[Supplied entries]:
────────
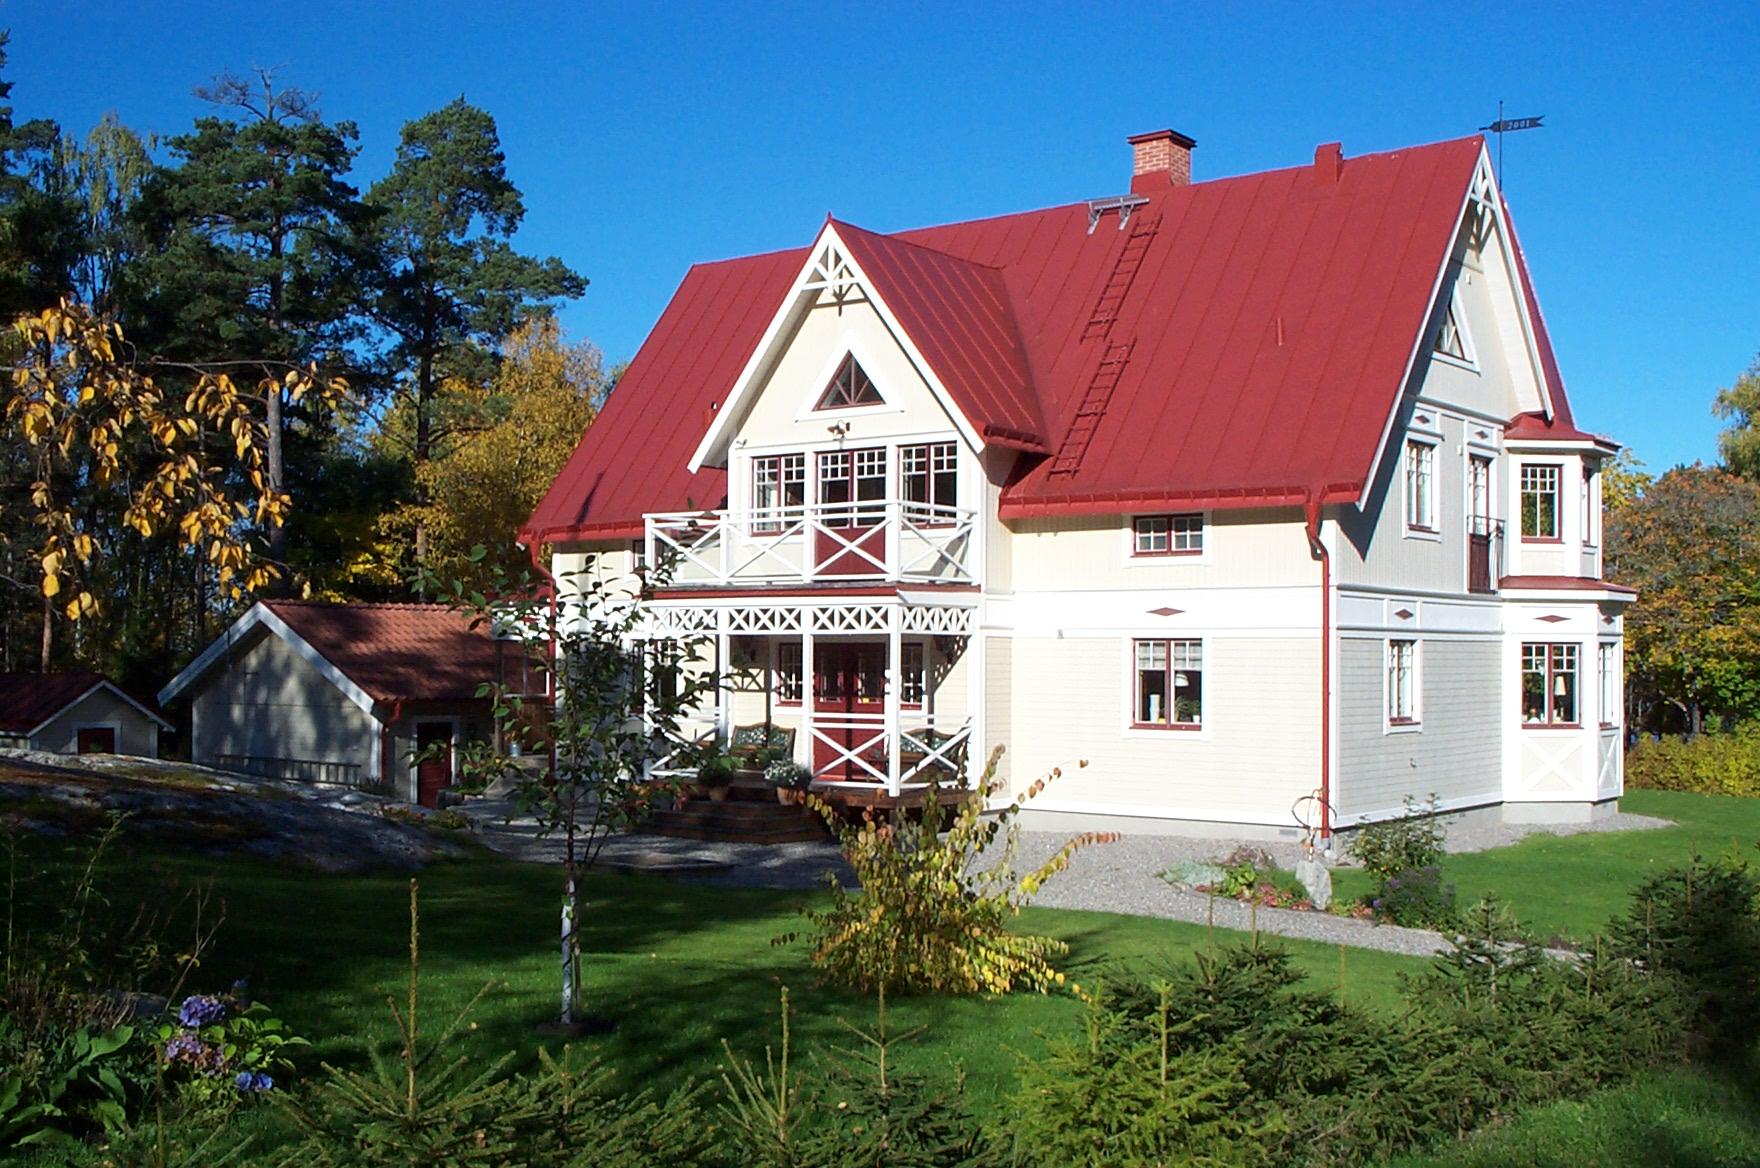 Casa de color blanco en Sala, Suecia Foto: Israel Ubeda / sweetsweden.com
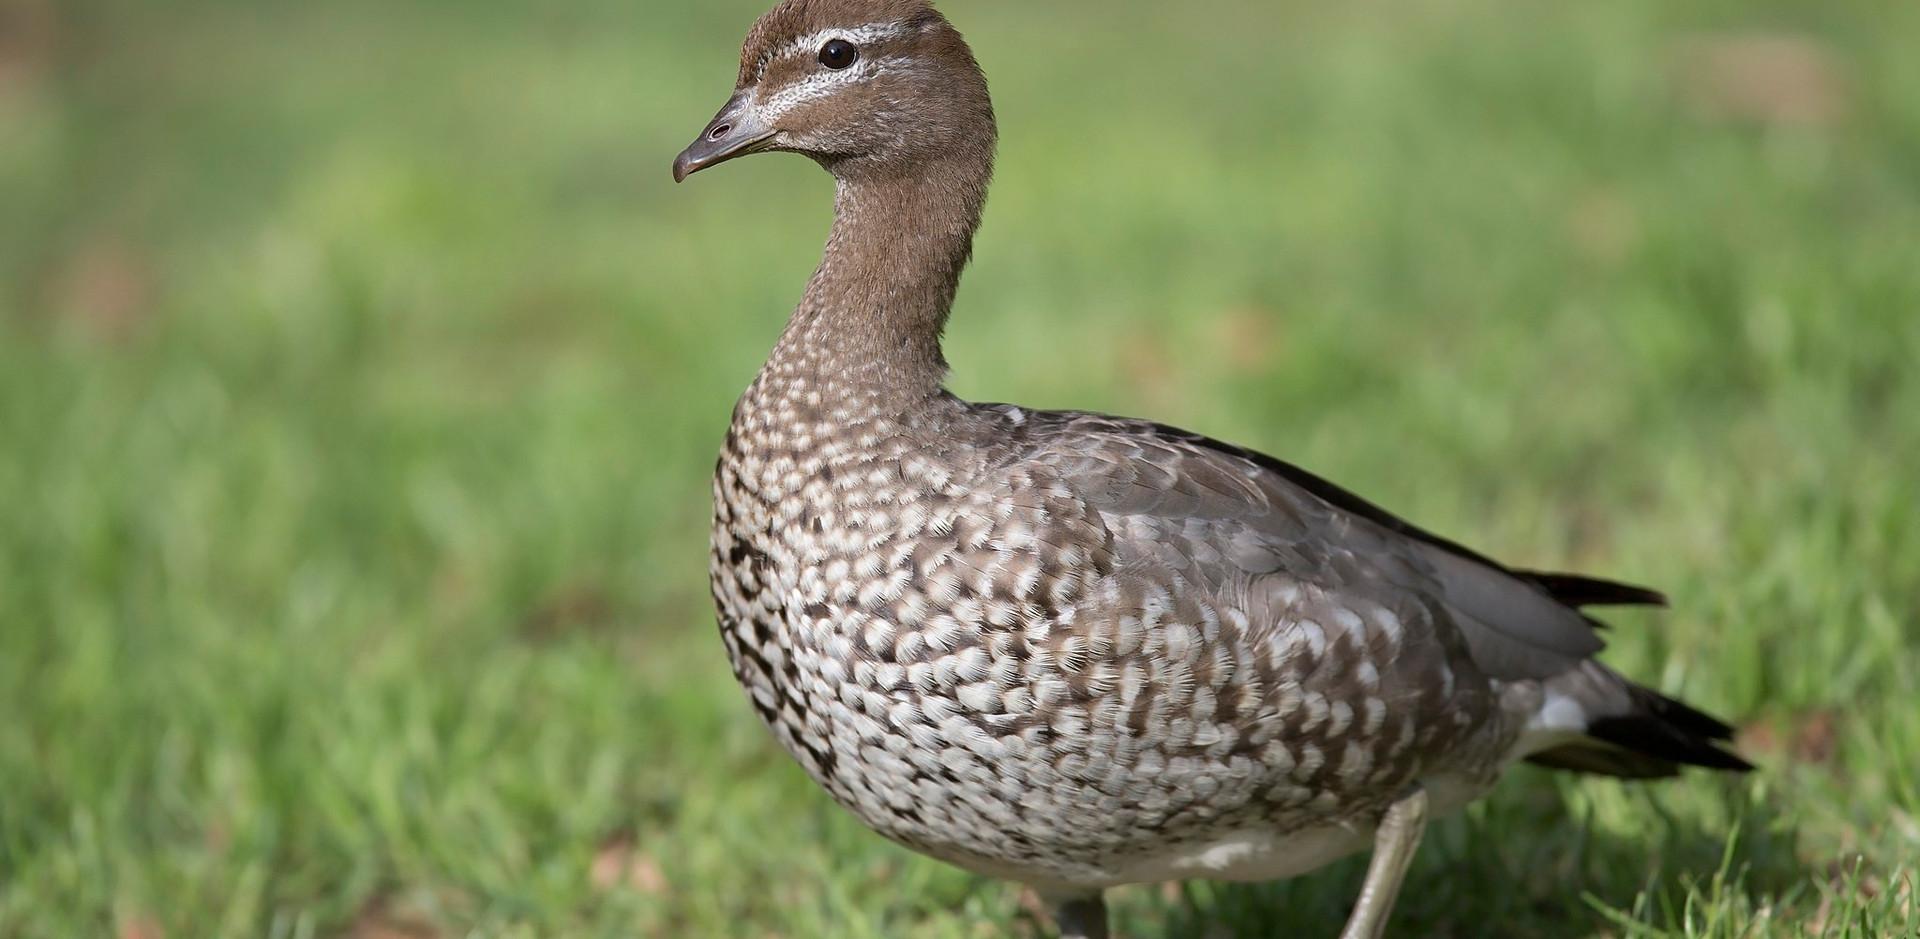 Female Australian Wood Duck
────────
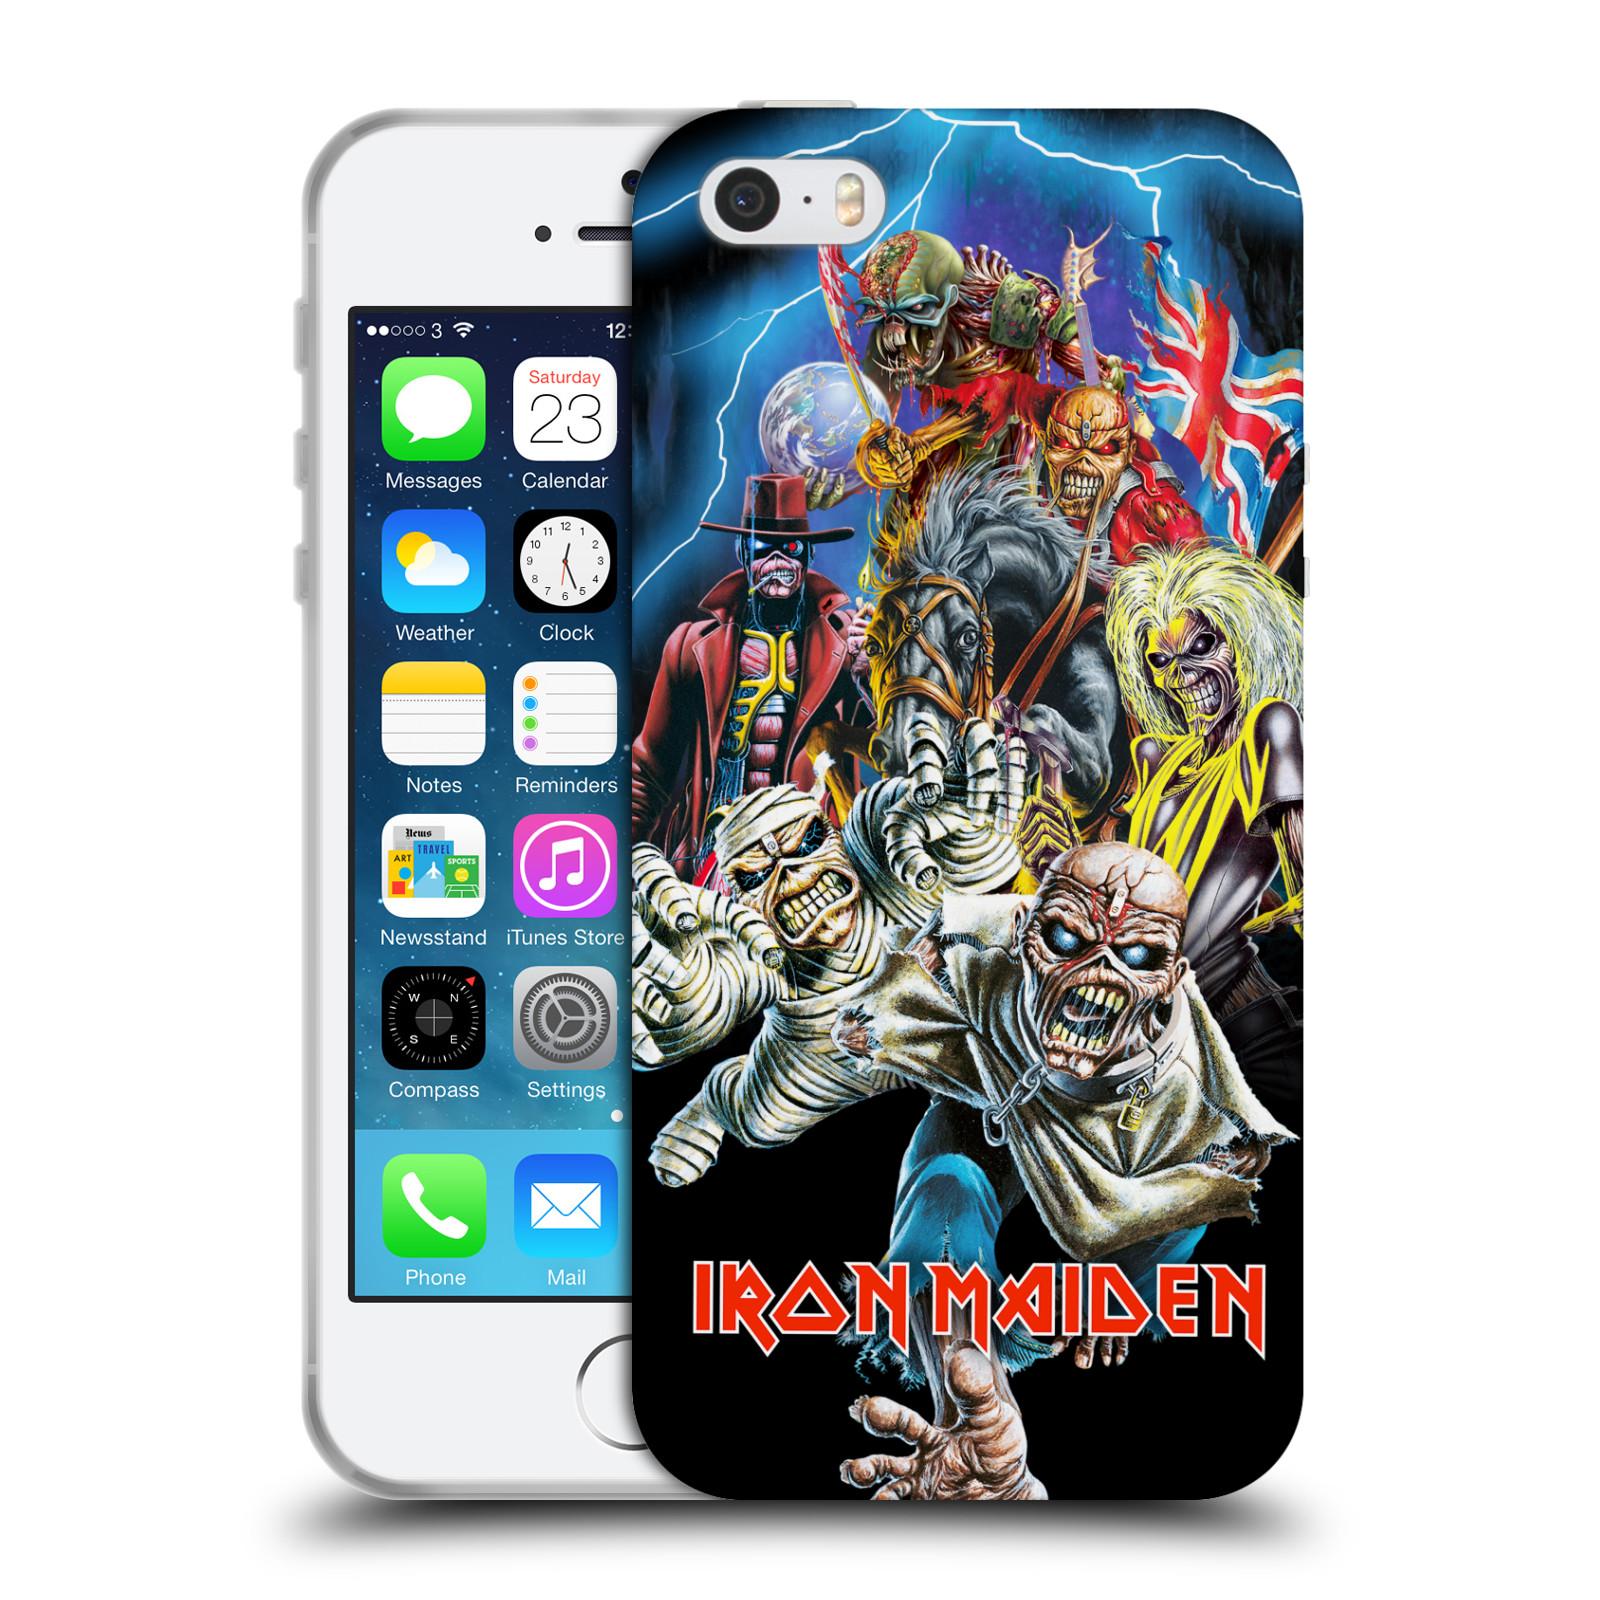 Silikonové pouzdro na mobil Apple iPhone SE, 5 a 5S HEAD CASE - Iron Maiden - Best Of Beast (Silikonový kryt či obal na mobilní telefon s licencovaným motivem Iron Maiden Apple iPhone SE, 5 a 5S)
────────
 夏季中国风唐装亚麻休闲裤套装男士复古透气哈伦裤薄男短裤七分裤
────────
[Exercise details]: Because only one stretch of the records is wanted, please output the lines from the one holding "Casa de color" through the one holding "Female Australian Wood Duck" exactly, both included, and leave every picture out.

[Written solution]:
 Casa de color blanco en Sala, Suecia Foto: Israel Ubeda / sweetsweden.com
 Female Australian Wood Duck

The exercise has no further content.